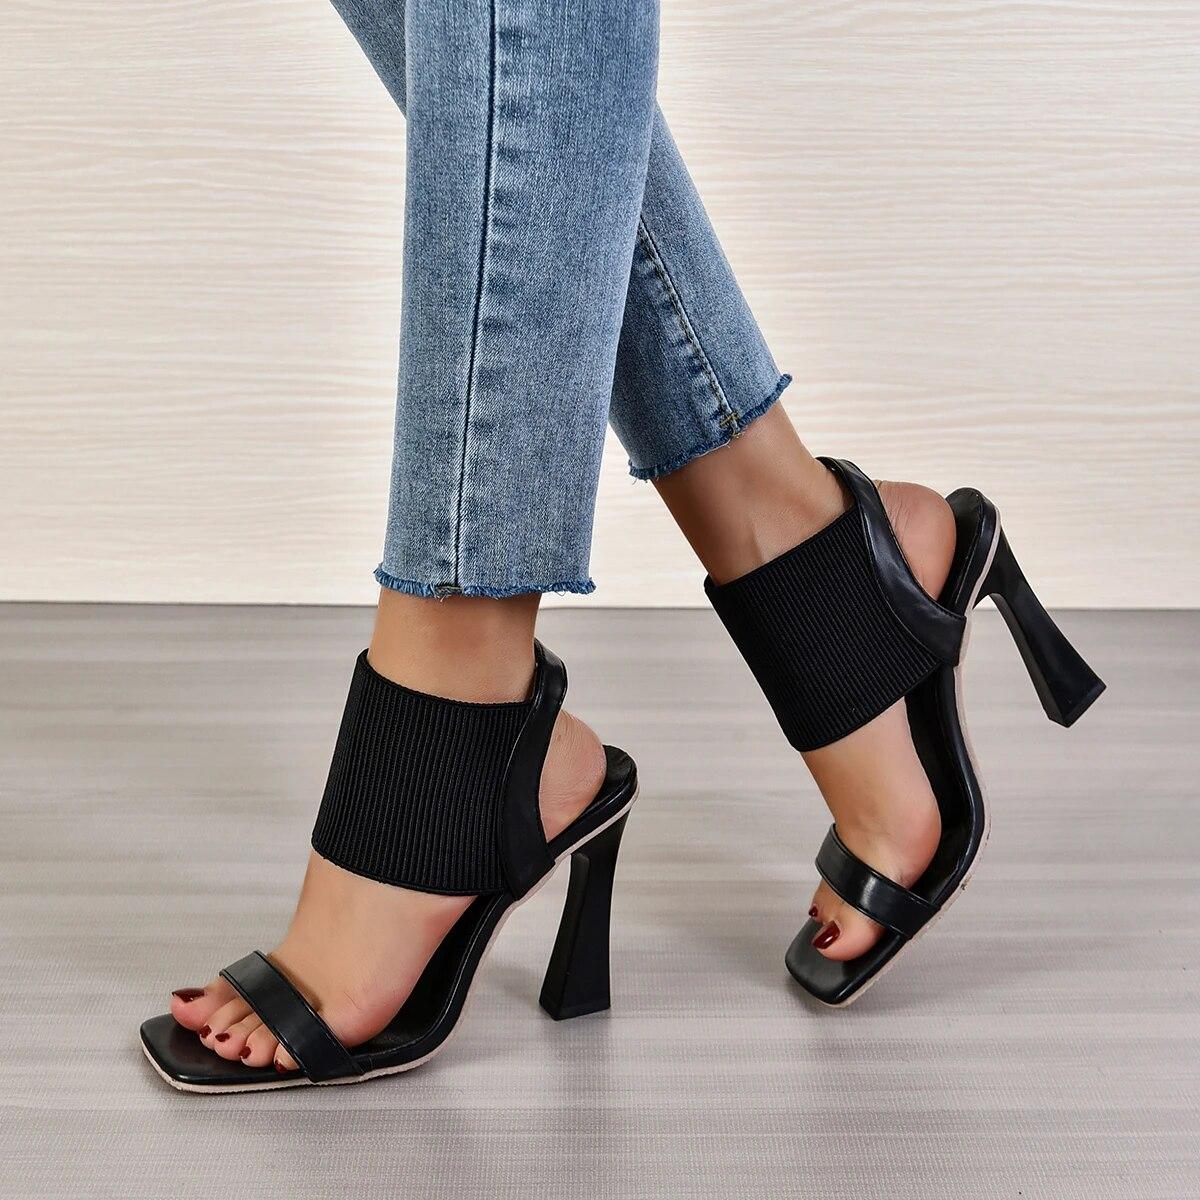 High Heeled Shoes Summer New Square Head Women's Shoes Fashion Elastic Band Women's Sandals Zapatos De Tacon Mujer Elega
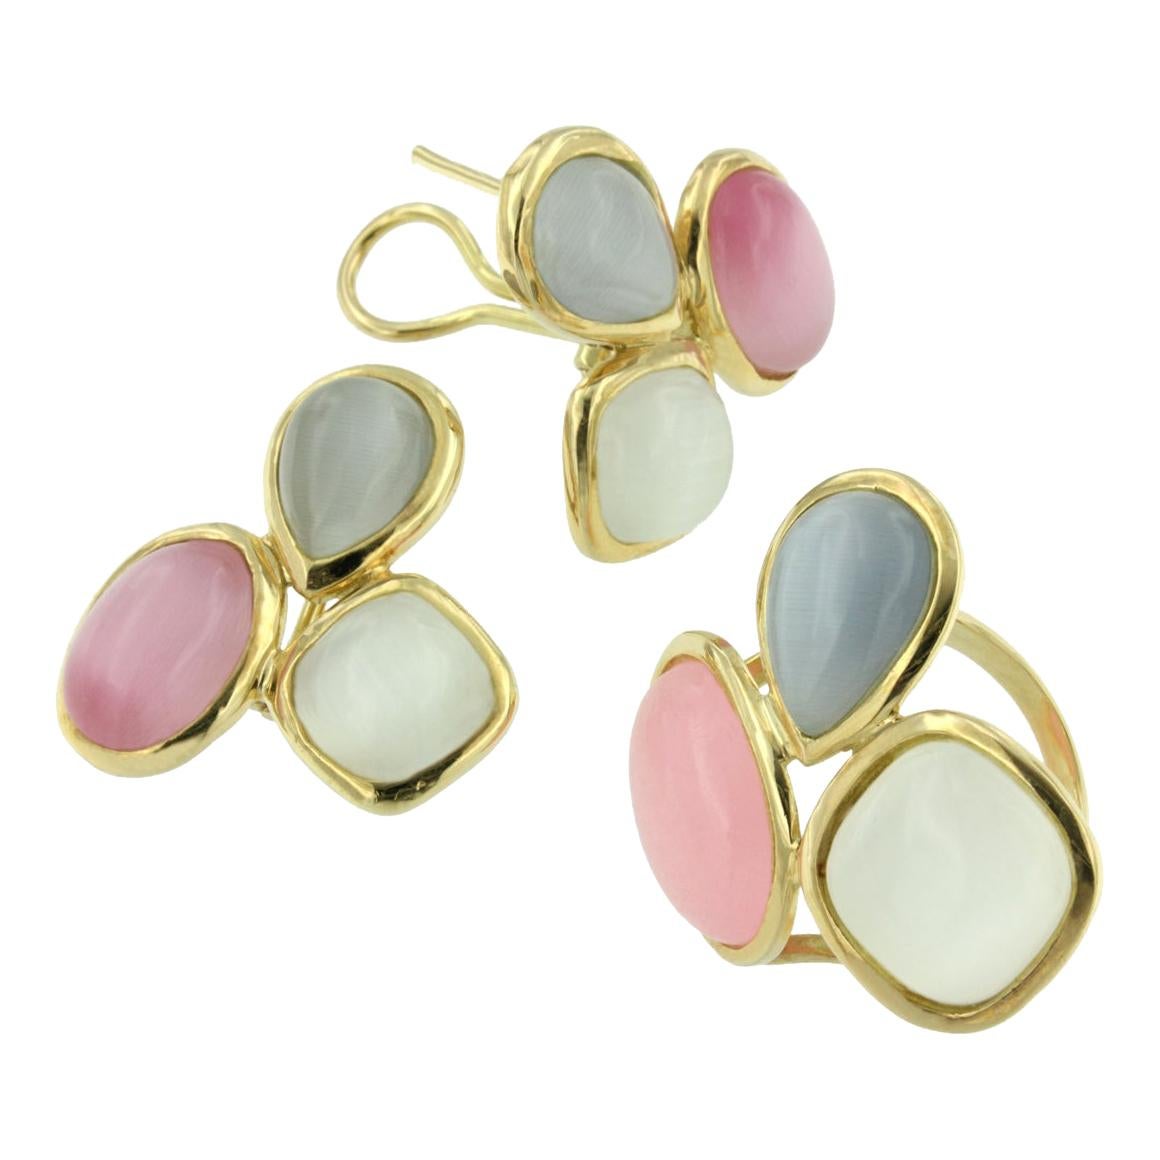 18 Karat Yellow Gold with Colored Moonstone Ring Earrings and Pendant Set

---

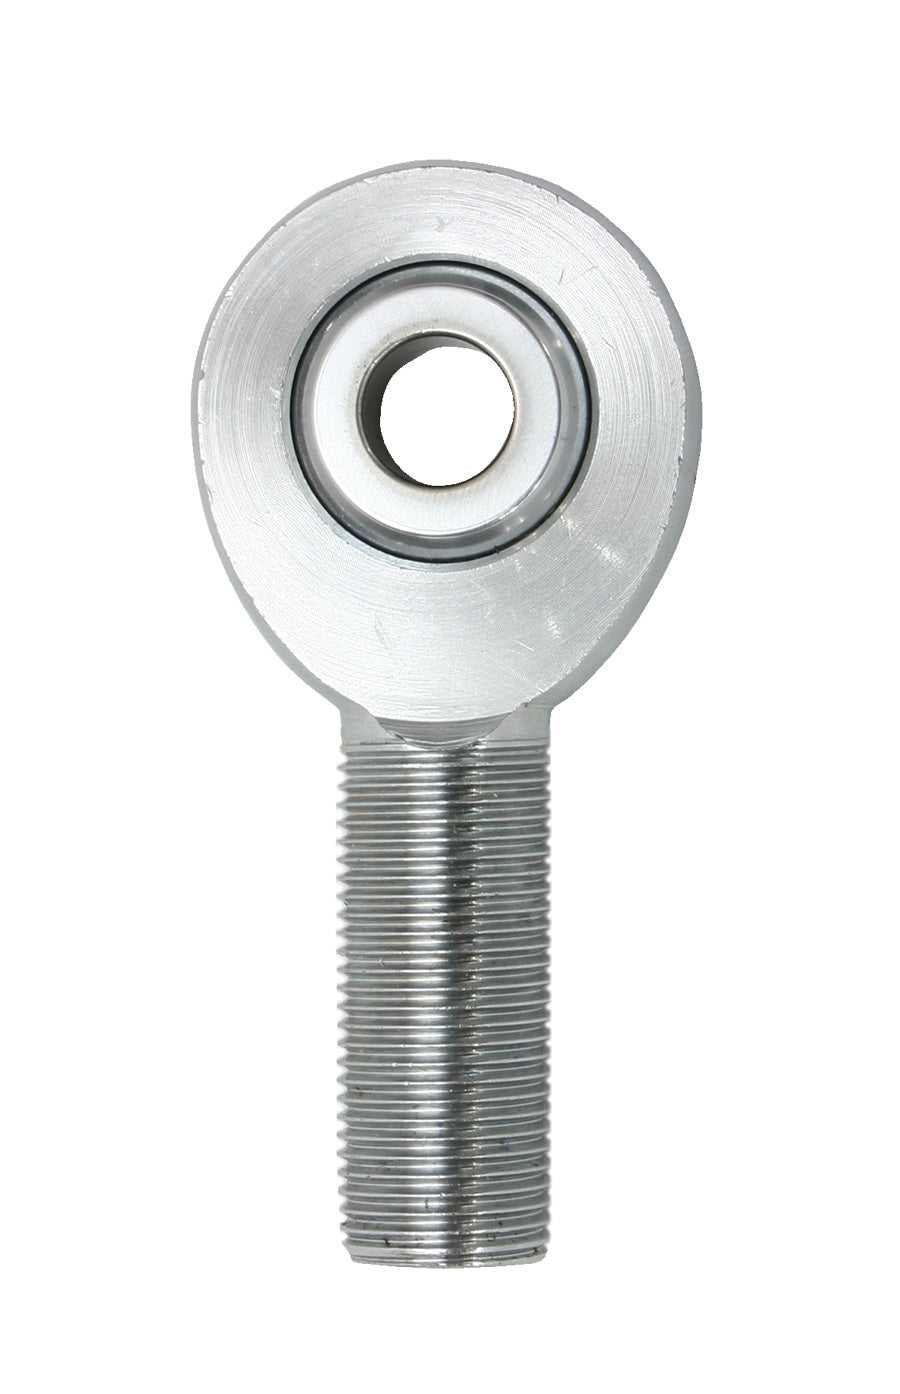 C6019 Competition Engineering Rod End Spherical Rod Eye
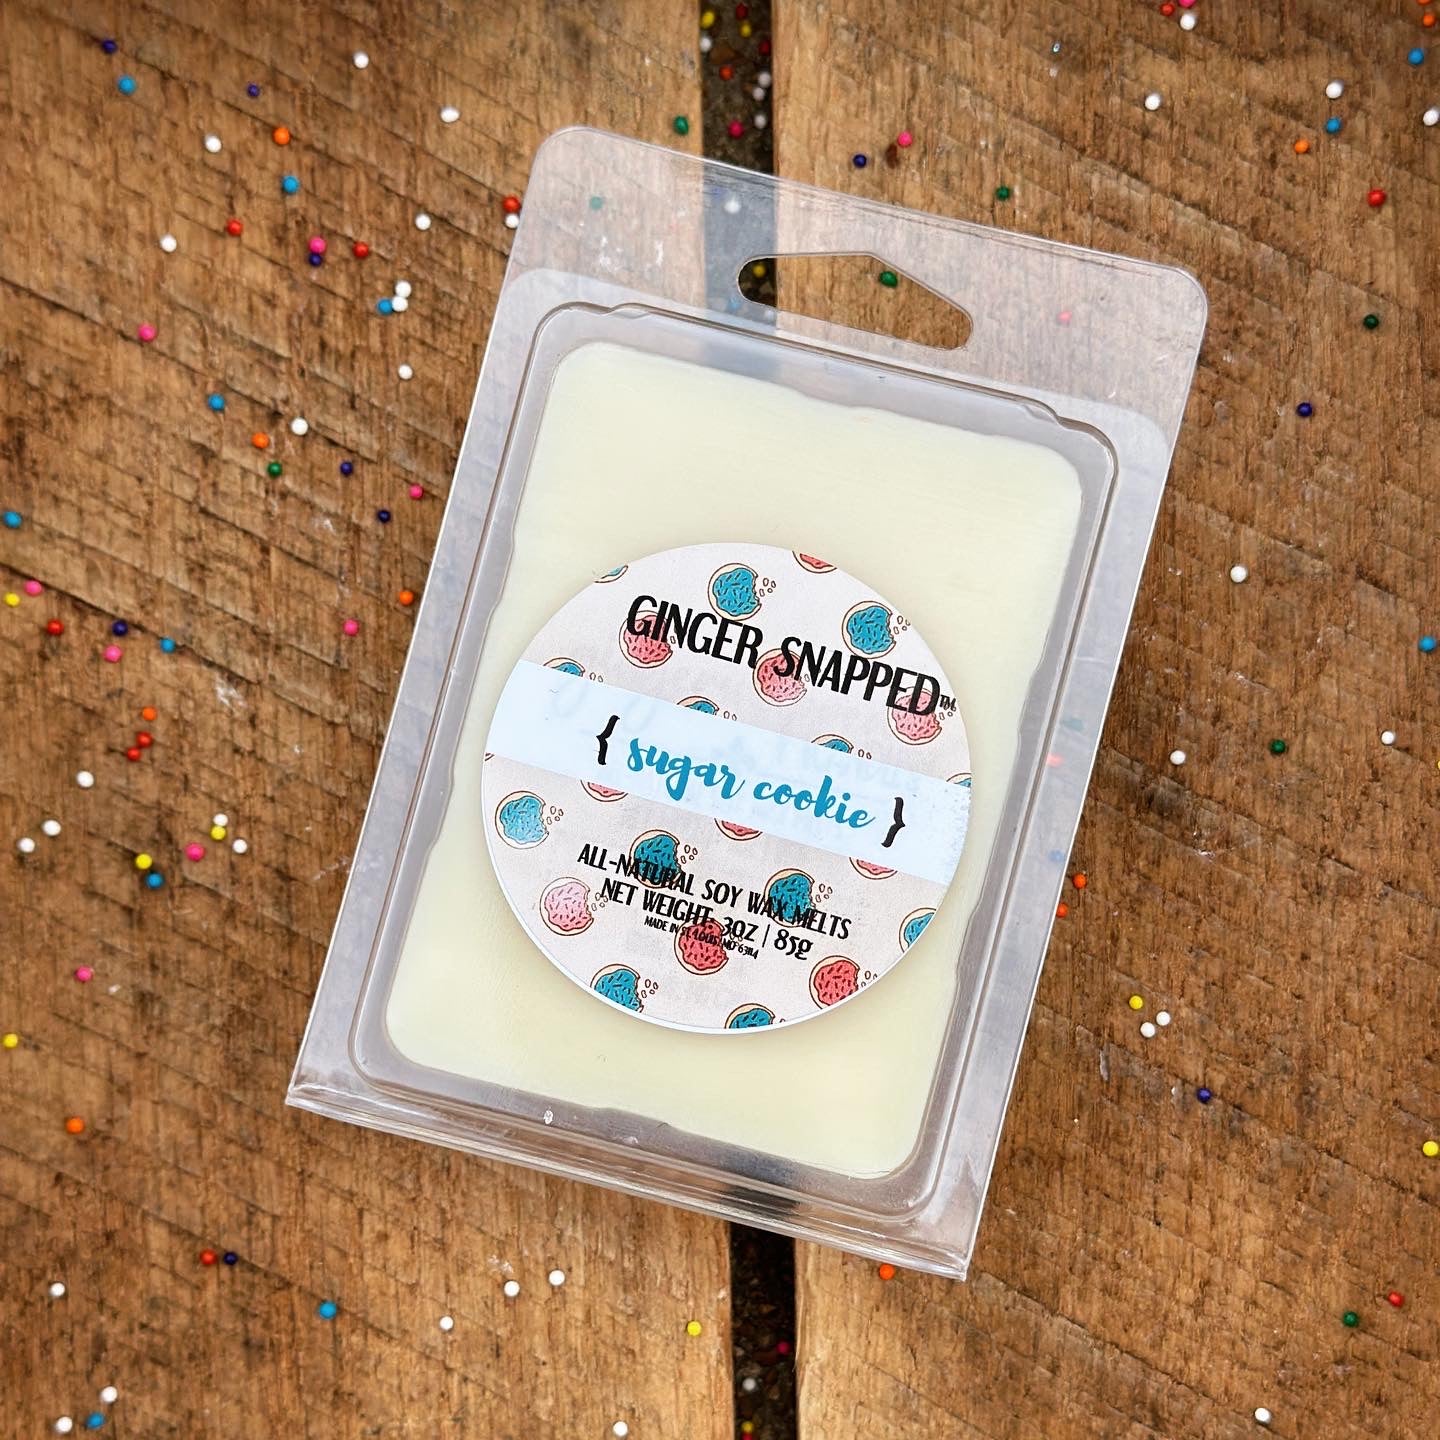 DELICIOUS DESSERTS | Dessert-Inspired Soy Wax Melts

# [THE TASK]
Taking the material above, give again exactly the lines from the one holding "C6019 Competition Engineering" through the one holding "DELICIOUS DESSERTS |", with both ends and without pictures.

# [FINISHED EXERCISE]
 C6019 Competition Engineering Rod End Spherical Rod Eye
 DELICIOUS DESSERTS | Dessert-Inspired Soy Wax Melts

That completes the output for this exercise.